Когда лекции читают в больших аудиториях, мы обычно сидим вместе с Маратом Устровым. Он читает журнал «Здоровье», а я пишу его почерком записки девушке с загорелым островитянским лицом, сидящей в соседнем ряду: «Алина! Во избежание процесса самозамораживания с моей стороны, немедленно сжальтесь надо мною. Сделайте это, не стесняясь подруг, в перерыве между лекционными часами или во время большой перемены. Ваш торжественный незнакомец, пьющий в Вашу честь академическую ересь крупными глотками».
Марат закладывает журнал расческой и с понимающим выражением смотрит на доску, где преподаватель аккуратно вычерчивает гистограмму, напоминающую пейзаж Манхэттена, если смотреть на него со стороны статуи Свободы.
— Не представляю, как мы будем это сдавать, — заявляет Марат, не отрывая взгляда от Манхэттена.
— На двоечки.
— Этот дядя — буквоед, мы с ним намучаемся.

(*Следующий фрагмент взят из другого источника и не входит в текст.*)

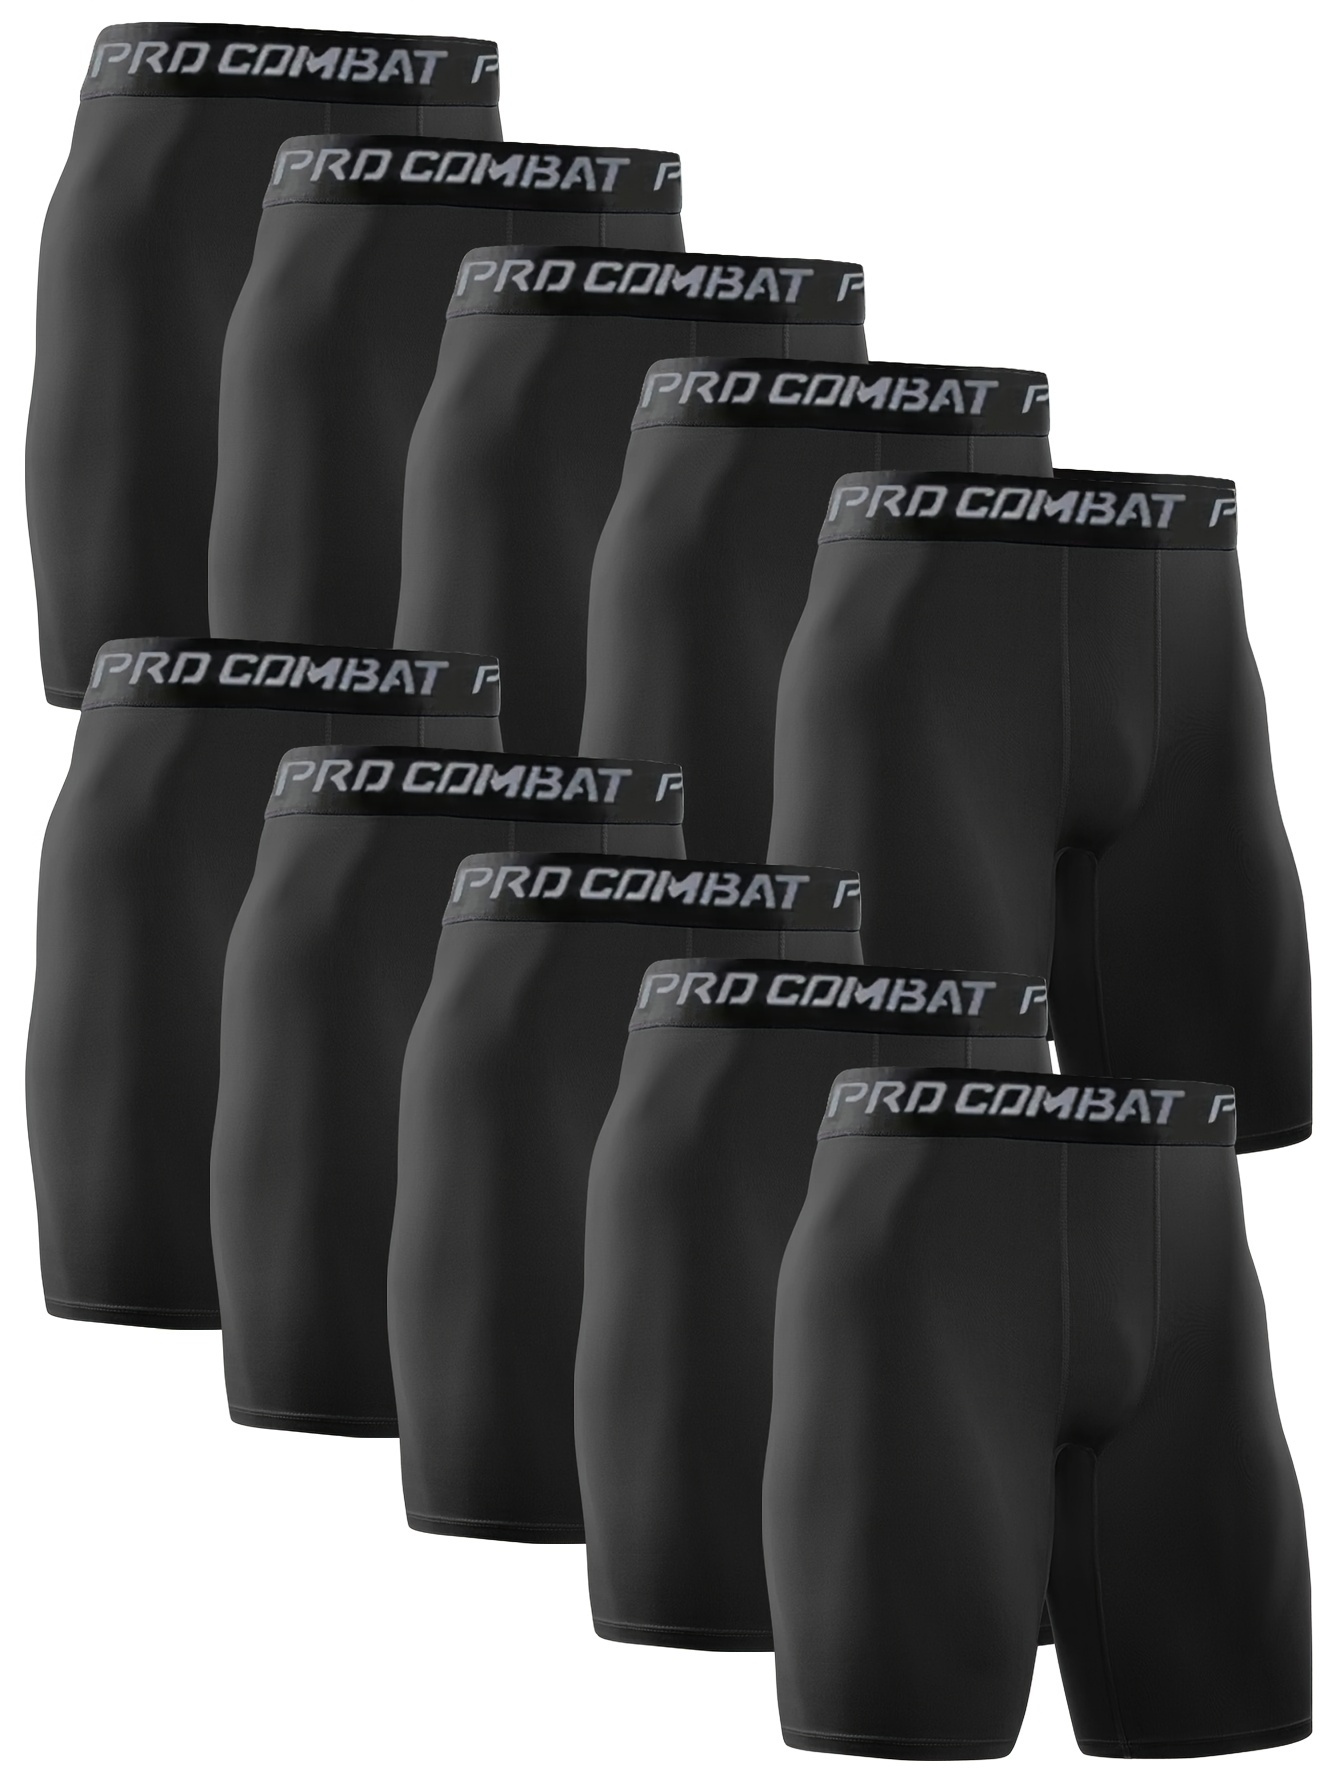 Mens Pro Combat Compression Shorts Quick Dry, Breathable Sports

Неужели учить придется?
Окончив свои угловатые художества, лектор поворачивается к нам и согнутым пальцем тестирует микрофон. Раздается отвратительный визг искусственного животного, бедная аудитория втягивает головы в плечи, лектор извиняется и, покрутив ручку громкости, начинает голосом из бочки рассказывать о том, что же он так старательно рисовал все это время.
От того, что мое сознание опять отказывается поверить в дружественность звучащих слов и отгораживается от них мыслью ни о чем, неожиданно появляется сиреневая картинка воспоминания, и я вижу компанию девушек в ярких, чуть было не сказал снова «цветастых», майках, шортах и с рюкзачками, стоящих на противоположной стороне улицы. Одна из них, на роликовых коньках, подкатывает ко мне и предлагает купить для нее булку с изюмом, а потом вместе со всей компанией идти на пляж. У нее красивые волосы, громкий уверенный голос и нарочито спортивный вид. Я поспешно соглашаюсь, и девушка, отталкиваясь от моего плеча, отъезжает к подругам, а те бодро машут мне руками.
В булочной мне нужно заплатить полтинник, и я, ничуть не сомневаясь, что моих денег сегодня достаточно даже для посещения такого магазина, как «Подарки», решительно киваю крупной даме в фиолетовом блузоне за кассой и обнаруживаю в кошельке только две монеты по двадцать пенсов. Выложив их на ладонь, я смотрю на кассиршу, которая медленно поправляет за дужку недавно пропавшие у меня в поезде очки и с интонацией ироничного полувопроса говорит: «I think of myself as long as I’m inside myself, don’t I?»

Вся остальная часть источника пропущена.